Then the Indian nuclear-powered satellite explodes, causing an electro-magnetic pulse which wipes out all unshielded electronic equipment...

When I first saw Until the End of the World, I was very taken at the way in which it showed technology integrated into everyday life. Cars had electronic maps on their dashboards, computers were small and portable, videophones were the norm, software programs had animated avatars as user interfaces and could search global data... And yet other aspects remained unchanged. Cars looked a sleeker but a lot of old models were still being driven. Cities appeared to have changed very little - more neon and glass, perhaps, but no real substantial changes. And the way in which people lived their lives had not altered...

Science fiction has never been about predicting the future - that's futurism. But watching Until the End of the World now, eight years after it was set, seventeen years after it was made... it's interesting seeing just how close Wenders was.

Cars do indeed have electronic maps on their dashboards - GPS. Desktop computers have not changed greatly in appearance in ten years (unless you include the introduction of TFTs), but laptops certainly have. They are a great deal smaller and more powerful than they were in 1991 - the Asus EEE, for example, is 22.5 x 16.5 cm. Admittedly, the animated GUI for the search programs shown in the film are crude; modern CGI is far more sophisticated and realistic. But the search through global data itself is not so far from Google and the like - don't forget that when Until the End of the World was released, the WWW did not exist. And while videophones have yet to really catch on, mobile phones with cameras are common, as are webcams.

Despite this, the film still doesn't feel like it was actually made in 1999. There are enough near-misses to indicate its true age. And, of course, the central conceit, the camera which records brainwaves, is pure science fiction.
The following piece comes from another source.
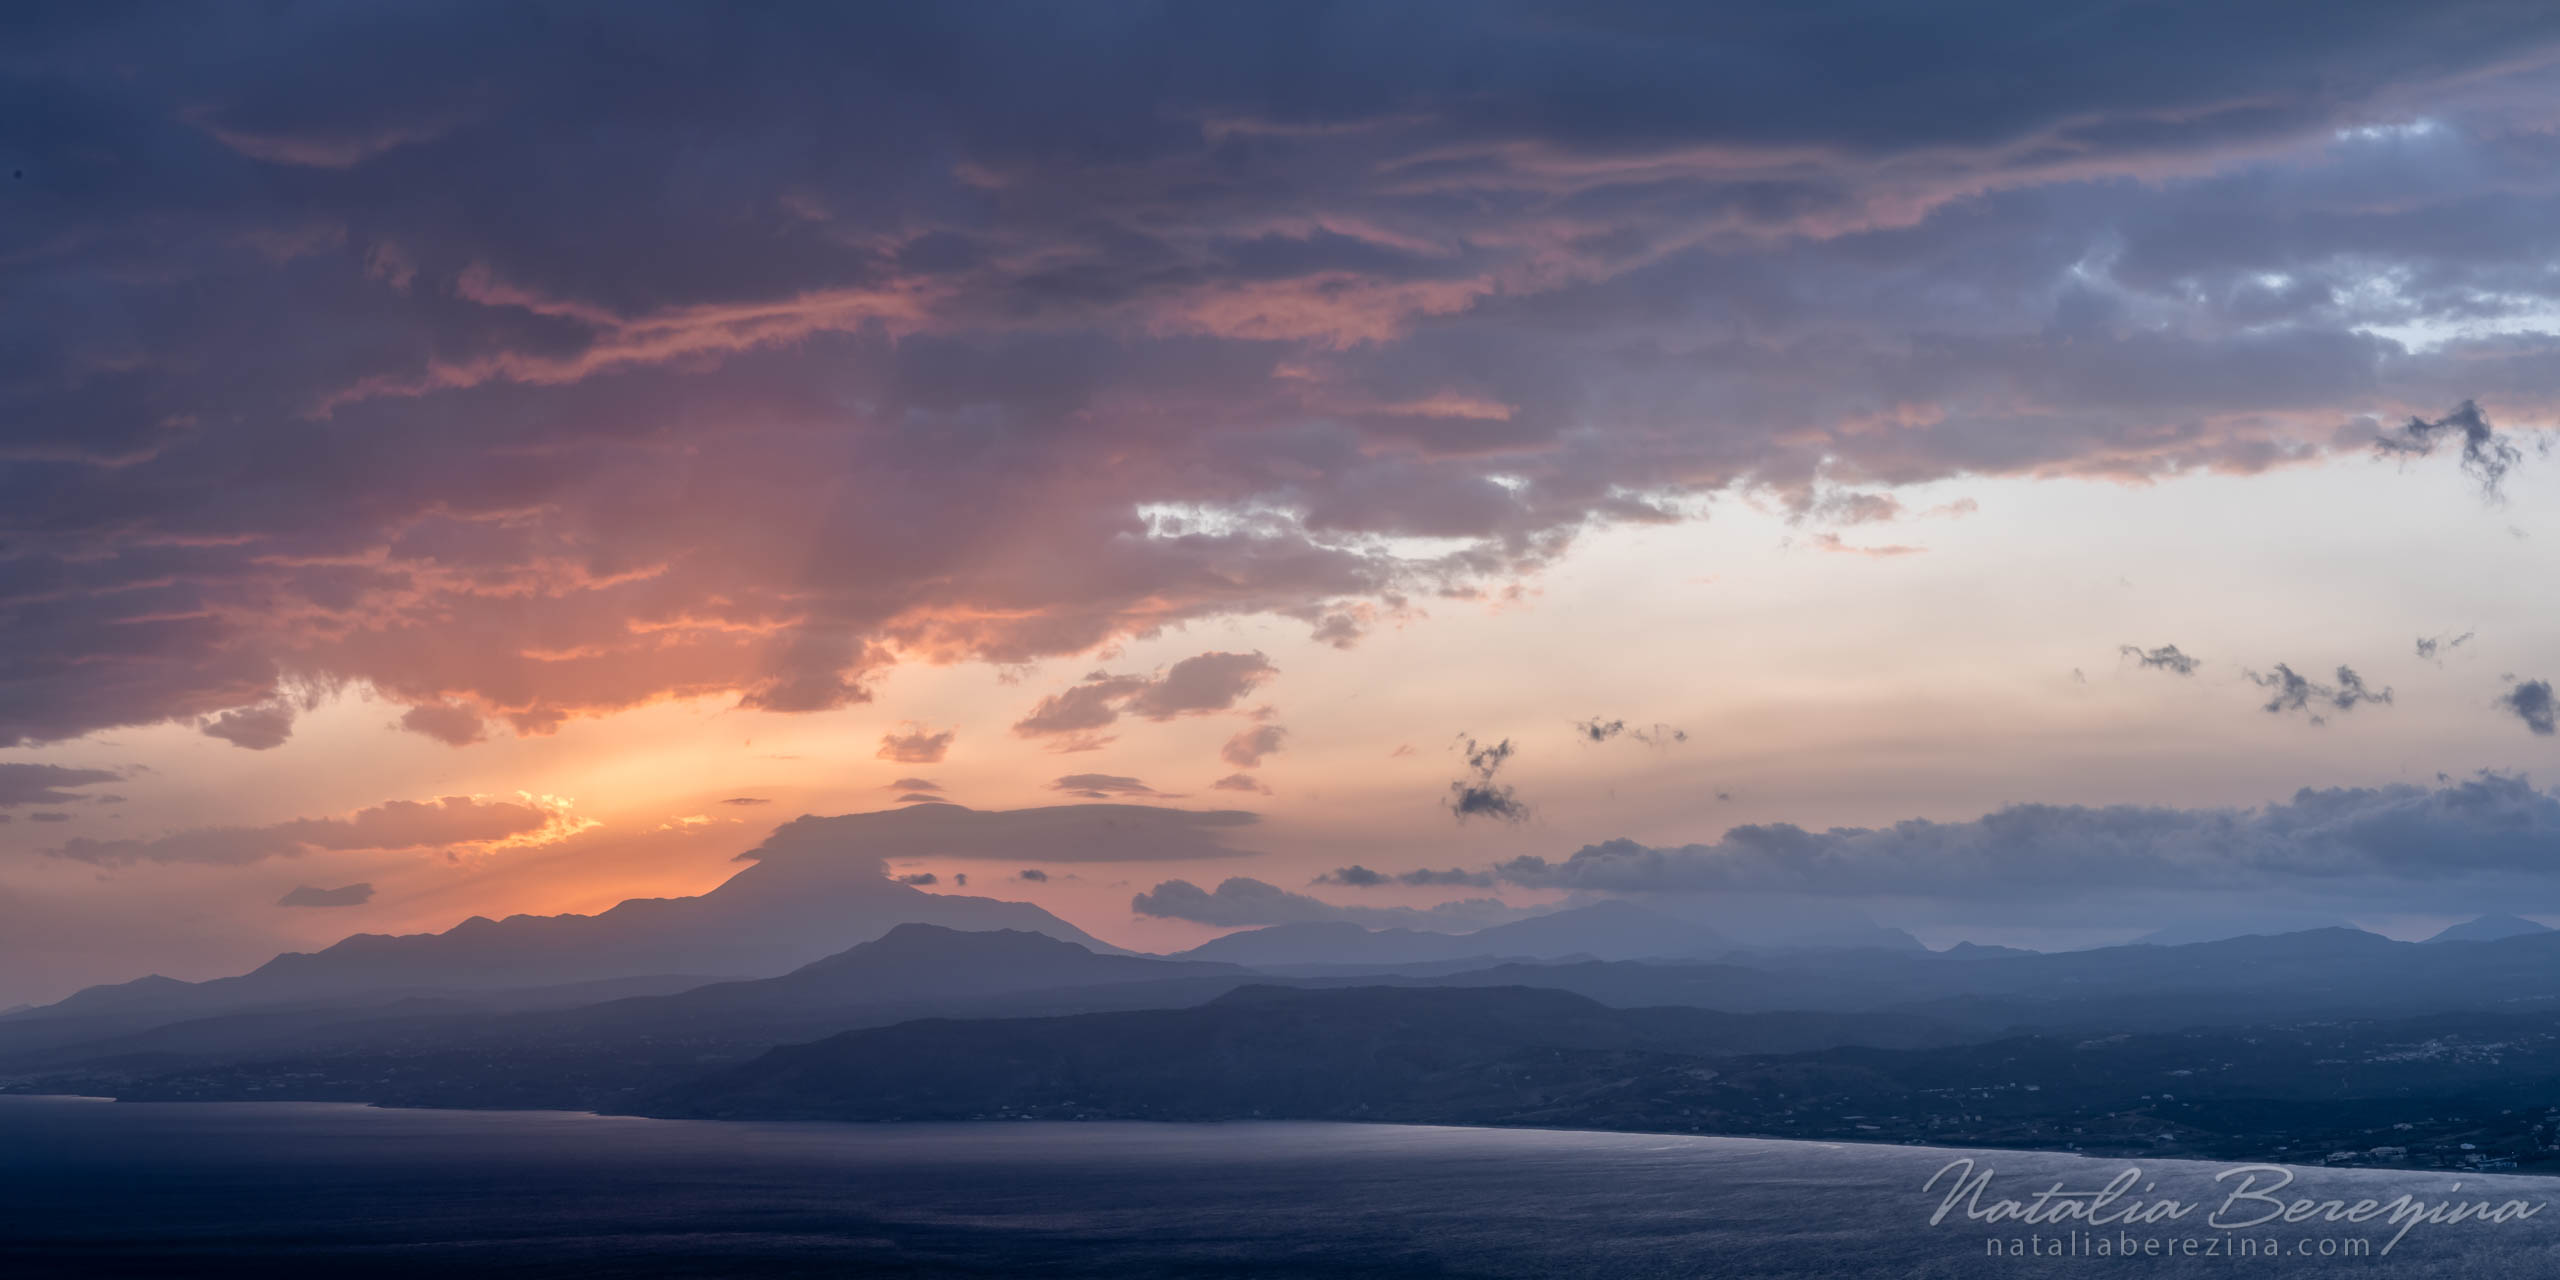 Greece, Crete, landscape, cloud, sea, sunrise, sunlight, skyline, orange, 2x1 CR1-NB7B6A4000-P - Crete, Greece - Natalia Berezina Photography

It's still a damn good film, however. I'm not sure I'd call it a favourite - the plot feels a little like two stories badly-welded together, and both William Hurt and Solveig Dommartin seem curiously blank throughout. And the edition released in the UK has no subtitles, despite there being a lot of French dialogue (which is a little too fast and fluent for me). But I'll certainly watch it again.

1 comment:

catriana said...

i saw your blog for the first time a few minutes ago.. i like the non famous sf movie list. i'll check the blog out some time later but i had to comment on this. i first watched the movie in 2002., i think. i was a high school kid who attended this wenders-whole-week-tribute and had to be home by 12 and i couldn't see the end because that was the uncut version they played. i was totally struck :). the colours, the story, the length, the music... the day after i borrowed the movie and few days later i bought the soundtrack. that soundtrack goes with me everywhere :).. salut!